Practical benefits: Knowing when the plant needs which nutrients and where allows fertilizer applications to be split, timed, and dosed for stable yields, better cup quality, and lower losses.


Study design clearly explained

Location & conditions
Tropical climate (Aw, dry winters) on a nutrient-poor Yellow Dystrophic Argisol.

Plant material
Six C. canephora genotypes (Pirata, Bamburral, A1, Clementino, Beira Rio 8, and P1) representing different maturity cycles.

Planting & management
≈5,000 plants per hectare and ~10,000 main stems (orthotropic axes) per hectare; controlled irrigation; N, P₂O₅, and K₂O applied in six split doses over the season.

Sampling
Nine time points from 33 to 49 weeks after flowering (WAF), covering the period from the end of fruit expansion to full ripeness. Manual harvest from pre-marked branches; drying and weighing of whole cherries; separation and individual weighing of beans and husk; calculation of husk mass.

Analytical methods & statistics

  • Nutrient determination: Kjeldahl for N; optical emission spectroscopy (OES) for P, S, and B; atomic absorption spectroscopy (AAS) for K, Ca, Mg, Cu, Fe, Mn, and Zn.
  • Standardization: Nutrient amounts were standardized to a production of 1,000 kg of beans at 49 weeks after flowering (WAF).
  • Statistical analysis: Two-way ANOVA (genotype × time point) to test for significant differences.

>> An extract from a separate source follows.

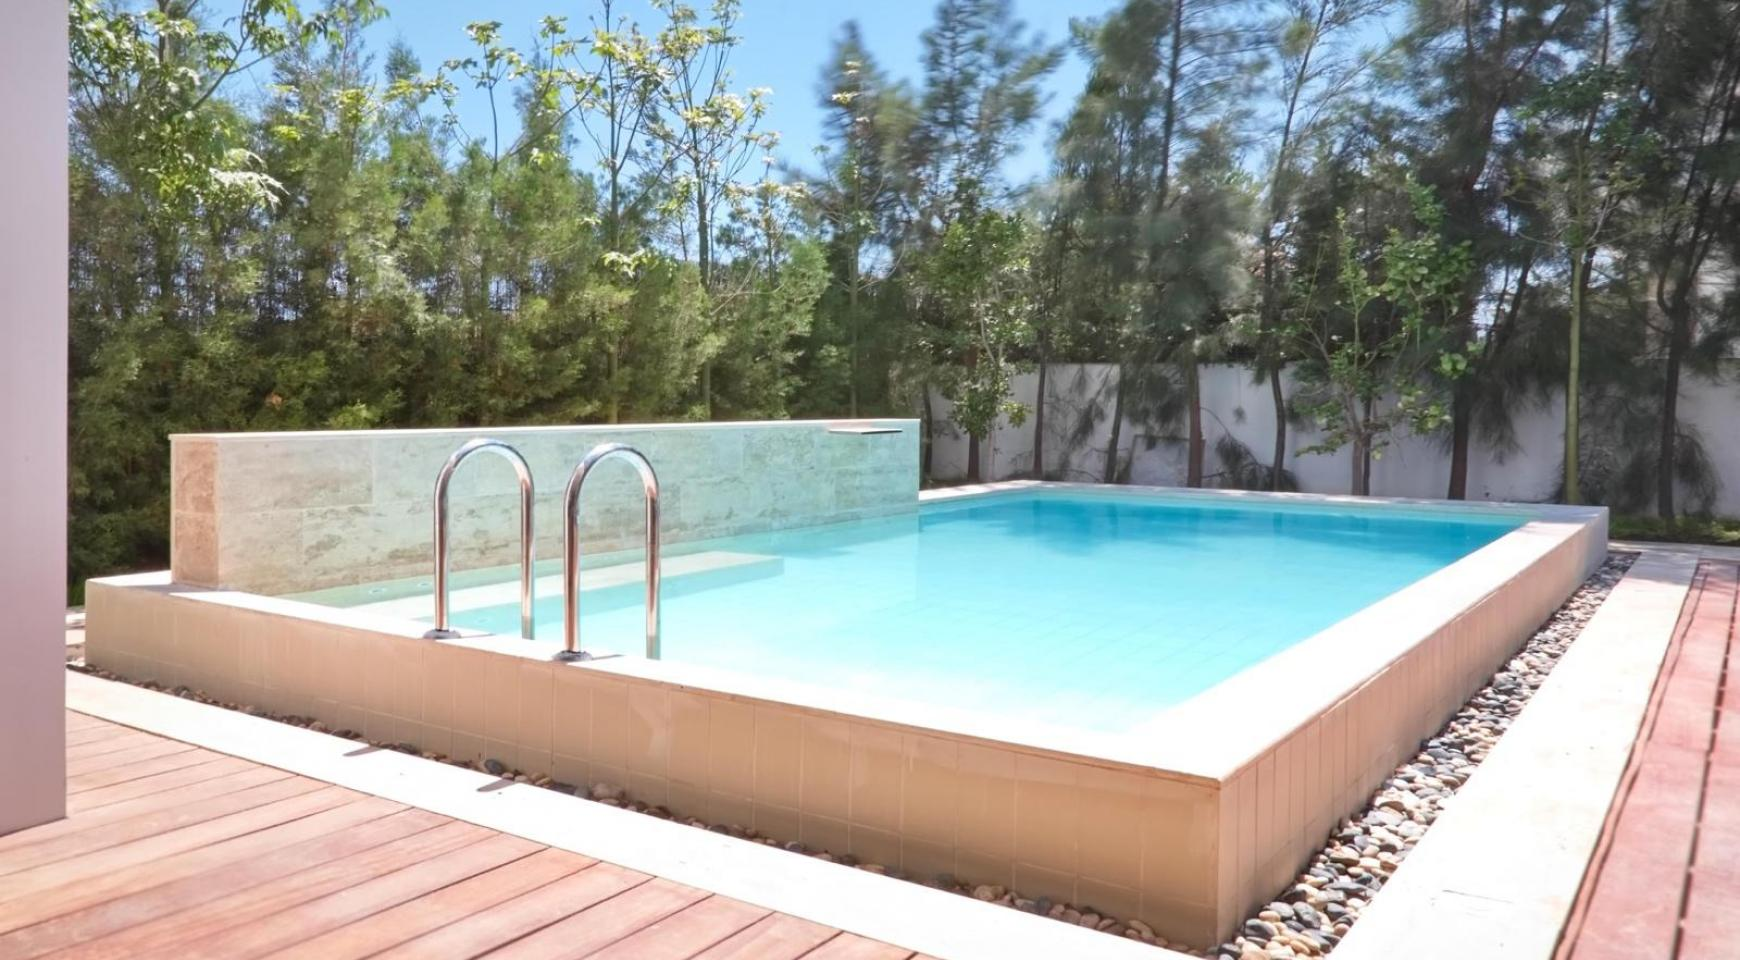 New Luxurious 4 Bedroom Villa in the Tourist Area - 2

Fig. 2. The visual ripening evolution of berries and corresponding dry beans was tracked for six Coffea
canephora genotypes (Pirata, Bamburral, A1, Clementino, Beira Rio 8, and P1) from the end of the berry
expansion phase to full ripening. This process was monitored at 33, 35, 37, 39, 41, 43, 45, 47, and 49 weeks
after flowering (WAF). For each genotype, the upper line represents the visual appearance of freshly collected
berries at each sampling point, showing the gradual change in colour, size, and ripeness from early stages to
full maturity, whereas the lower line displays the corresponding dry beans for each collection date, illustrating
the transformation in bean size, shape, and weight as the ripening process advances. Selvador et al., 2025, pp.6

canephora auswahl

Key findings

1) Dry matter (DM) — where does the biomass go?

Bean: Rapid DM increase up to ~41 WAF, followed by a plateau/slight decline.

Husk: Delayed DM accumulation, stable until ~41 WAF, then sharp increase with a peak at 45–49 WAF.

Genotypic differences: Beira Rio 8 has the highest DM values; P1 accumulates the latest.

Interpretation: In the late phase, the plant strongly reallocates photoassimilates to the bean; towards the end, respiration increases; the bean’s DM gain levels off, while the pod gains DM in the final stage.

Concentrations: how do nutrient levels shift over ripening?

Bean (trends across ripening):

  • Nitrogen and potassium generally decline.
  • Magnesium decreases until about 45 WAF.
  • Zinc rises sharply and more than doubles between 35 and 37 WAF.
  • Boron gradually decreases.

Husk:

  • Potassium is very high and increases until about 43 WAF.
  • Zinc shows the opposite pattern compared with the bean. It rises in the bean and falls in the husk.
  • Iron is consistently higher than the other micronutrients in both the bean and the husk.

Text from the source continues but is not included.